### Prompt
Straight copy, no pictures: transcribe each entry as it stands.
*** Data for analysis Section Begins ***
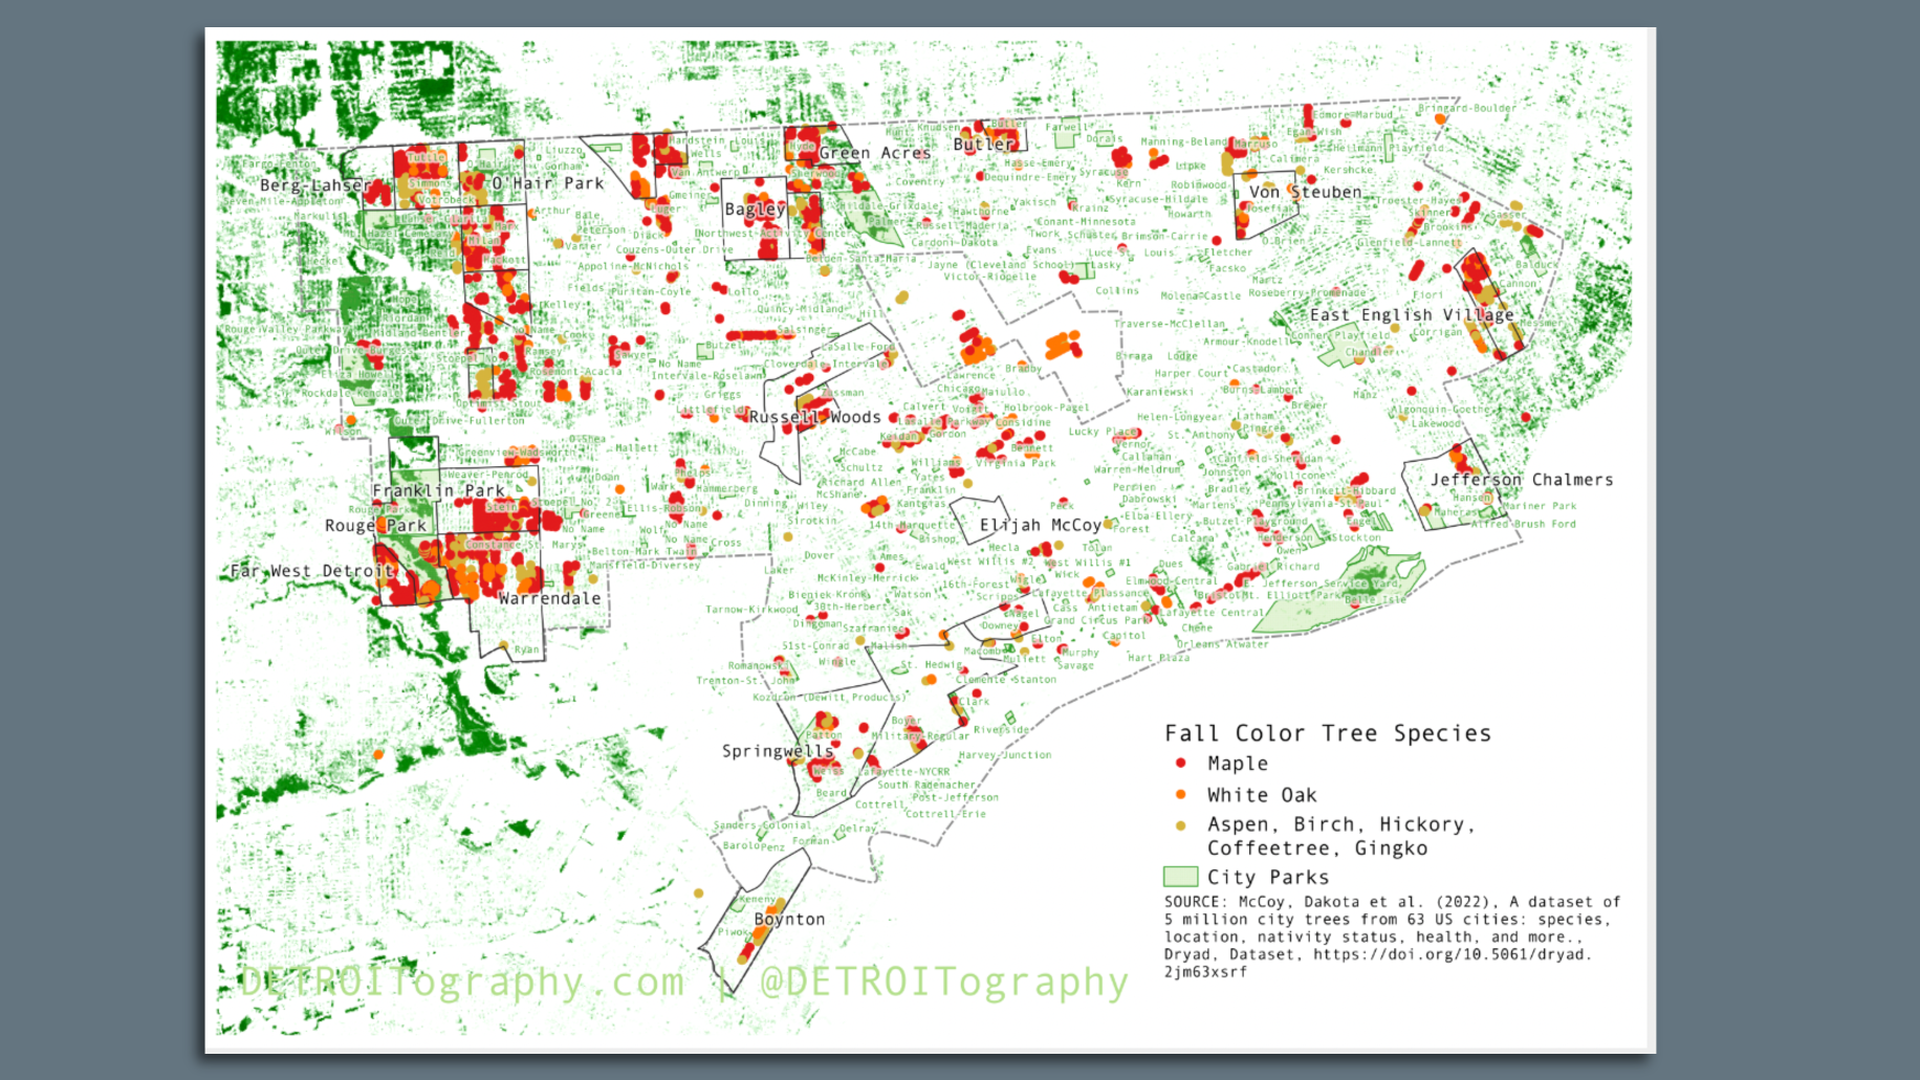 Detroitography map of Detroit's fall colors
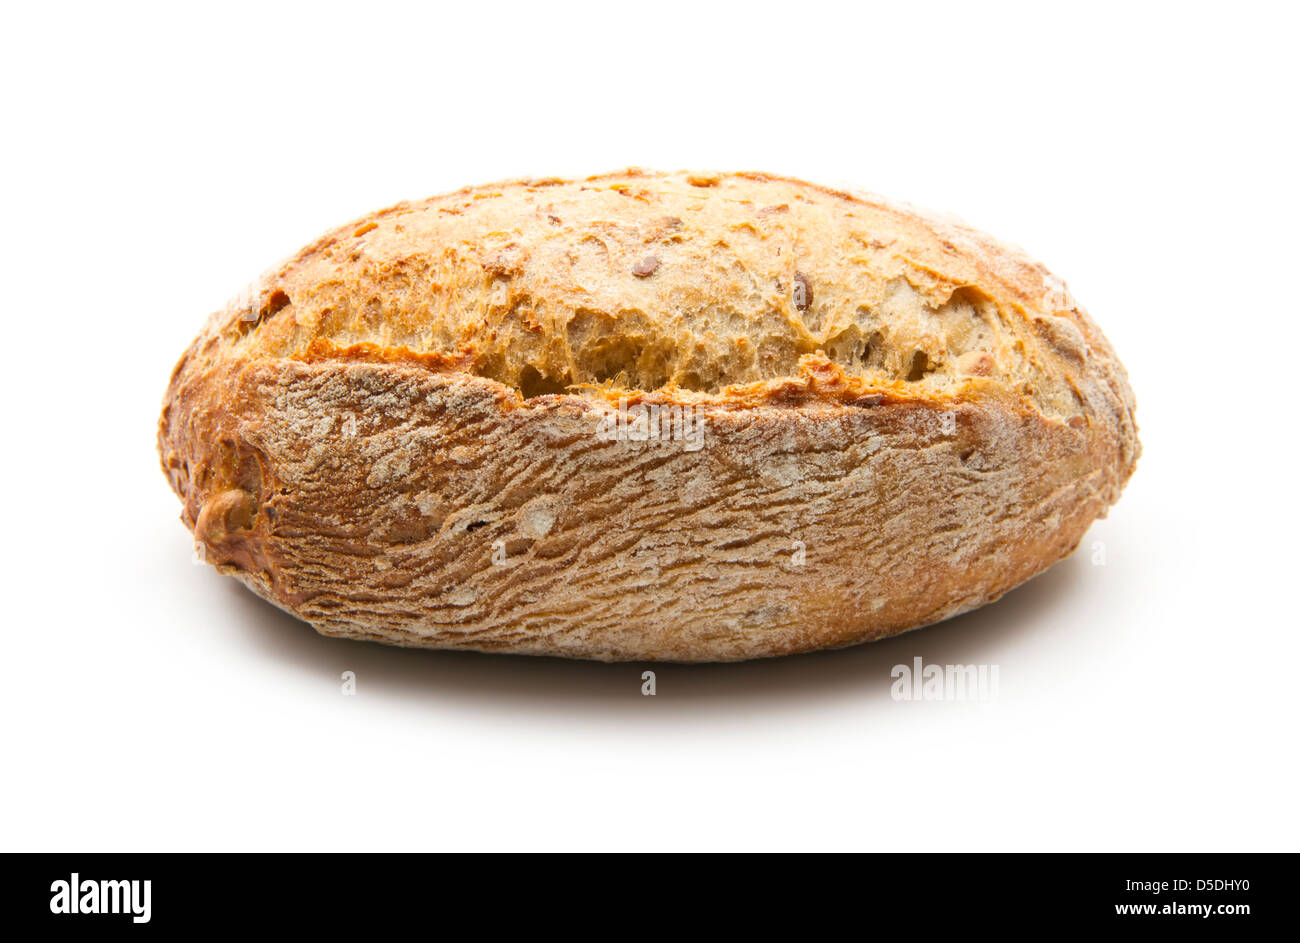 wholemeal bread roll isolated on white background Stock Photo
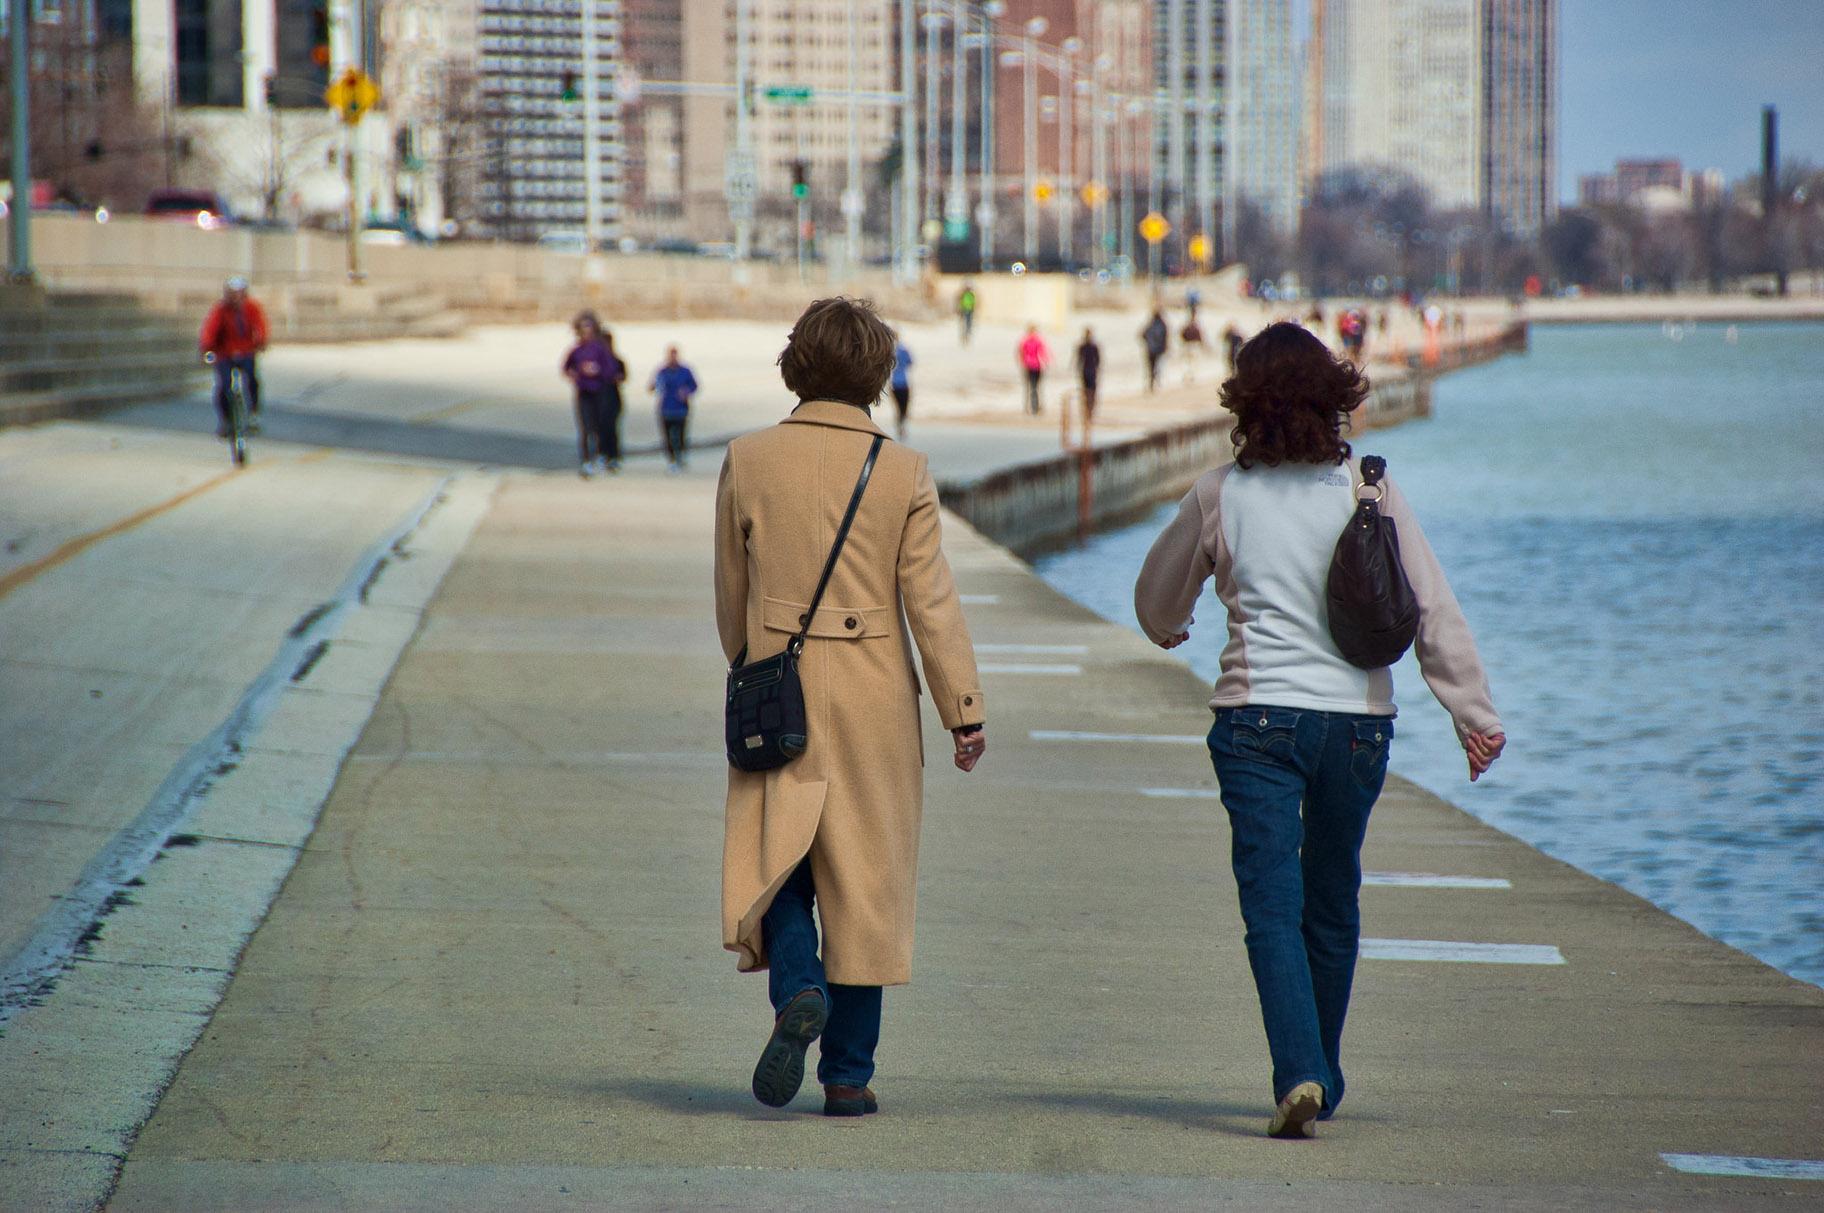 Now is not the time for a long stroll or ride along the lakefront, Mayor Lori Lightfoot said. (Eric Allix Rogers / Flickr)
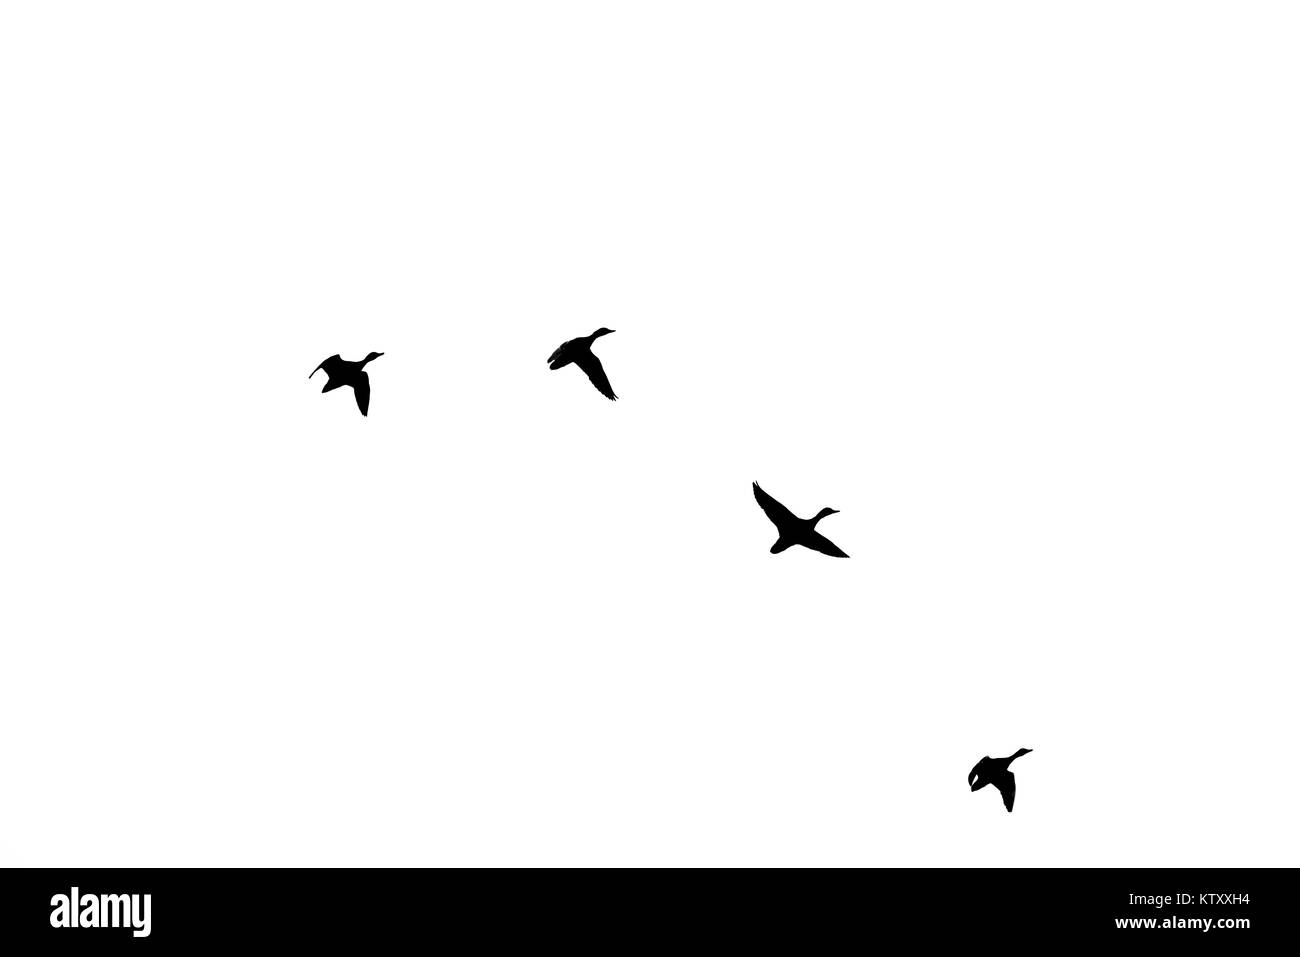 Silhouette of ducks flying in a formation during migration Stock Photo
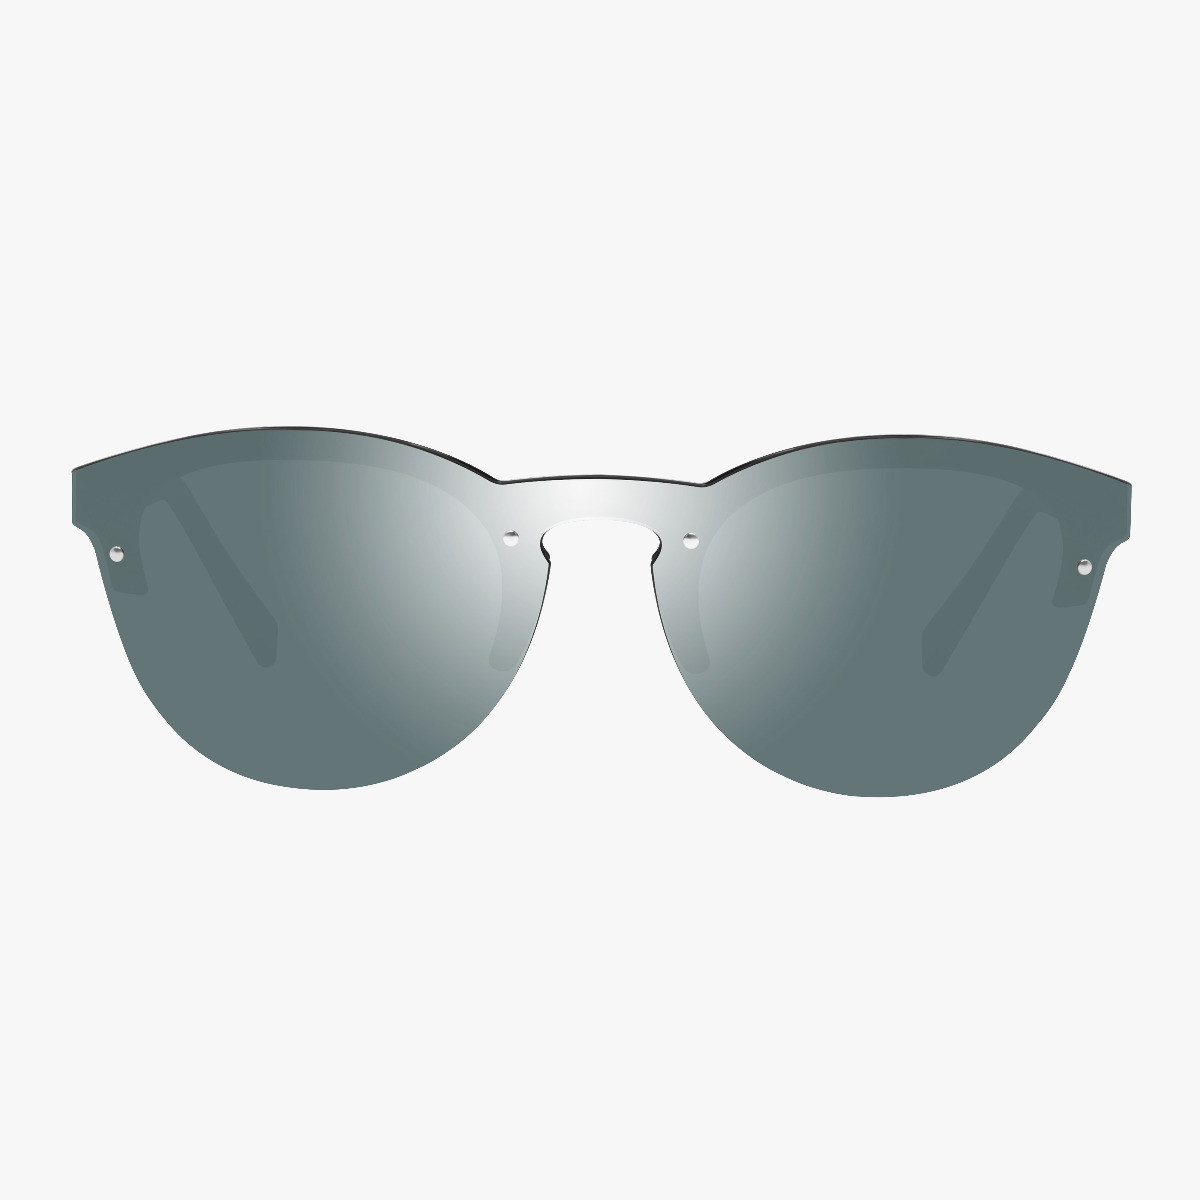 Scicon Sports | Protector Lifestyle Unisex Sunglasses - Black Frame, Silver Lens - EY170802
*** Data for analysis Section Ends ***
### Answer section
 Detroitography map of Detroit's fall colors
 wholemeal bread roll isolated on white background Stock Photo
 Now is not the time for a long stroll or ride along the lakefront, Mayor Lori Lightfoot said. (Eric Allix Rogers / Flickr)
 Silhouette of ducks flying in a formation during migration Stock Photo
 Scicon Sports | Protector Lifestyle Unisex Sunglasses - Black Frame, Silver Lens - EY170802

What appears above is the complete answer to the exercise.